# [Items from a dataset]

────────

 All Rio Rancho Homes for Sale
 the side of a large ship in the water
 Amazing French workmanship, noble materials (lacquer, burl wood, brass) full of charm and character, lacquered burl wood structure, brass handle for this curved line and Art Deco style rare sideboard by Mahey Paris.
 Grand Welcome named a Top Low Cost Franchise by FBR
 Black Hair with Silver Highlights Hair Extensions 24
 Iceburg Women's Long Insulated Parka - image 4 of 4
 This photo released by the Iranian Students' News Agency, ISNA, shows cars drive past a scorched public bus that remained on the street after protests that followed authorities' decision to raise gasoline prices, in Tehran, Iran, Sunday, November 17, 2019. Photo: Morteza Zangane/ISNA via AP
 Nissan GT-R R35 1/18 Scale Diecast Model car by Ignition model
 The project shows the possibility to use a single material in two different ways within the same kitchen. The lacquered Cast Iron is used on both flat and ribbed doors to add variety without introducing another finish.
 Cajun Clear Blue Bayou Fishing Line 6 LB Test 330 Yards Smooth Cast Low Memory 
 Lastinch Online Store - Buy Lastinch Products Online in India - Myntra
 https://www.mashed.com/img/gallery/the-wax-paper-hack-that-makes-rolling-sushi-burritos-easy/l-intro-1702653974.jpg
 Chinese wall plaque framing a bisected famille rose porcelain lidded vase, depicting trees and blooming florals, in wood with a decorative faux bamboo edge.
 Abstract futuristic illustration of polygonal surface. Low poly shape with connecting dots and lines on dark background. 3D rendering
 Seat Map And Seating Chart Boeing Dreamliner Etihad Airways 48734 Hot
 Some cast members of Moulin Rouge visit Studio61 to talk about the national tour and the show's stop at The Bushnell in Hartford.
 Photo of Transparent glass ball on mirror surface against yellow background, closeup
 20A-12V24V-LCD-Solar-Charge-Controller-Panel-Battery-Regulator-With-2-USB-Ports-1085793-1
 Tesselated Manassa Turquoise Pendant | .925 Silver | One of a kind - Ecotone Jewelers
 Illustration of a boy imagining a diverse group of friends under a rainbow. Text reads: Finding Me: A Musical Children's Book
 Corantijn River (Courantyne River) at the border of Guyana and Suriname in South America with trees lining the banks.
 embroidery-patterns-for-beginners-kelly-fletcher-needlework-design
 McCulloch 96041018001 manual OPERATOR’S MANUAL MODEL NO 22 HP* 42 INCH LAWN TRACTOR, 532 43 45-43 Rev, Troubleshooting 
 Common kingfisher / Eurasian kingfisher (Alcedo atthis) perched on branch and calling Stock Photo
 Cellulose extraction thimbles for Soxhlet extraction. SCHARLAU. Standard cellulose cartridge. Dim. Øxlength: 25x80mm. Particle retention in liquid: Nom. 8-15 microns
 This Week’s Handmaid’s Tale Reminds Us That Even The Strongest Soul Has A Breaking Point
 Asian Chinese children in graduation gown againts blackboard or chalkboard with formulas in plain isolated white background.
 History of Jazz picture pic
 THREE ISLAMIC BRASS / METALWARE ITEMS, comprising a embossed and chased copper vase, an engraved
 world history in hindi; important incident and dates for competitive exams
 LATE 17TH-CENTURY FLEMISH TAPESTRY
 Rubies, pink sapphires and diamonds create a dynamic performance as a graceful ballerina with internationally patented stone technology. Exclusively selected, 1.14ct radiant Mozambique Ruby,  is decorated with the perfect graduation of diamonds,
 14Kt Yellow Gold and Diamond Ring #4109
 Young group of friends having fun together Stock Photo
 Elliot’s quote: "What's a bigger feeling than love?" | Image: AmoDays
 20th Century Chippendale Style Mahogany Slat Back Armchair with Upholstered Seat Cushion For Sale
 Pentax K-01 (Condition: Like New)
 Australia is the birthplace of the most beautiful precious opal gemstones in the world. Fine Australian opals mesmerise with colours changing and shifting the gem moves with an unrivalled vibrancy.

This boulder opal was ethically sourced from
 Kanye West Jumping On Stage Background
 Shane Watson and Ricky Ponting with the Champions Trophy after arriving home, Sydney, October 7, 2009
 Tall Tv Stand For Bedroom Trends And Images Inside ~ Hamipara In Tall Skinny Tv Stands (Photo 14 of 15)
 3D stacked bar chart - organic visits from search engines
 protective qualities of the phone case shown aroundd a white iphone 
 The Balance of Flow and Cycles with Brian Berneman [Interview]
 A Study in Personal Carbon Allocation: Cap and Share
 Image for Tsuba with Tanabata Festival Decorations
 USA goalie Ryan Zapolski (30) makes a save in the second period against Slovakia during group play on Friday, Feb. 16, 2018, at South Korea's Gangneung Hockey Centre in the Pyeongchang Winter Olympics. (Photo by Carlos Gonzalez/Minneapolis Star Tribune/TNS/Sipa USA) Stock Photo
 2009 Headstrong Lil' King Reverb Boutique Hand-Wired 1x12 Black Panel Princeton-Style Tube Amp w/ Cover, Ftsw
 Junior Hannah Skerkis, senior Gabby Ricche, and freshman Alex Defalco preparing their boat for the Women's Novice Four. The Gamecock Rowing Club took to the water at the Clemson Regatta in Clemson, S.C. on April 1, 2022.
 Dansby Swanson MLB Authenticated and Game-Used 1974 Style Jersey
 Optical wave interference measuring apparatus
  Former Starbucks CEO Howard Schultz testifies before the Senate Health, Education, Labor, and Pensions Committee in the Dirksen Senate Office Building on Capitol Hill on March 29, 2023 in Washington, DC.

────────

# [REQUIREMENT]
Go through the data above from its first line and copy each line exactly, stopping once the line with "The project shows" has been copied.

# [SOLUTION]
 All Rio Rancho Homes for Sale
 the side of a large ship in the water
 Amazing French workmanship, noble materials (lacquer, burl wood, brass) full of charm and character, lacquered burl wood structure, brass handle for this curved line and Art Deco style rare sideboard by Mahey Paris.
 Grand Welcome named a Top Low Cost Franchise by FBR
 Black Hair with Silver Highlights Hair Extensions 24
 Iceburg Women's Long Insulated Parka - image 4 of 4
 This photo released by the Iranian Students' News Agency, ISNA, shows cars drive past a scorched public bus that remained on the street after protests that followed authorities' decision to raise gasoline prices, in Tehran, Iran, Sunday, November 17, 2019. Photo: Morteza Zangane/ISNA via AP
 Nissan GT-R R35 1/18 Scale Diecast Model car by Ignition model
 The project shows the possibility to use a single material in two different ways within the same kitchen. The lacquered Cast Iron is used on both flat and ribbed doors to add variety without introducing another finish.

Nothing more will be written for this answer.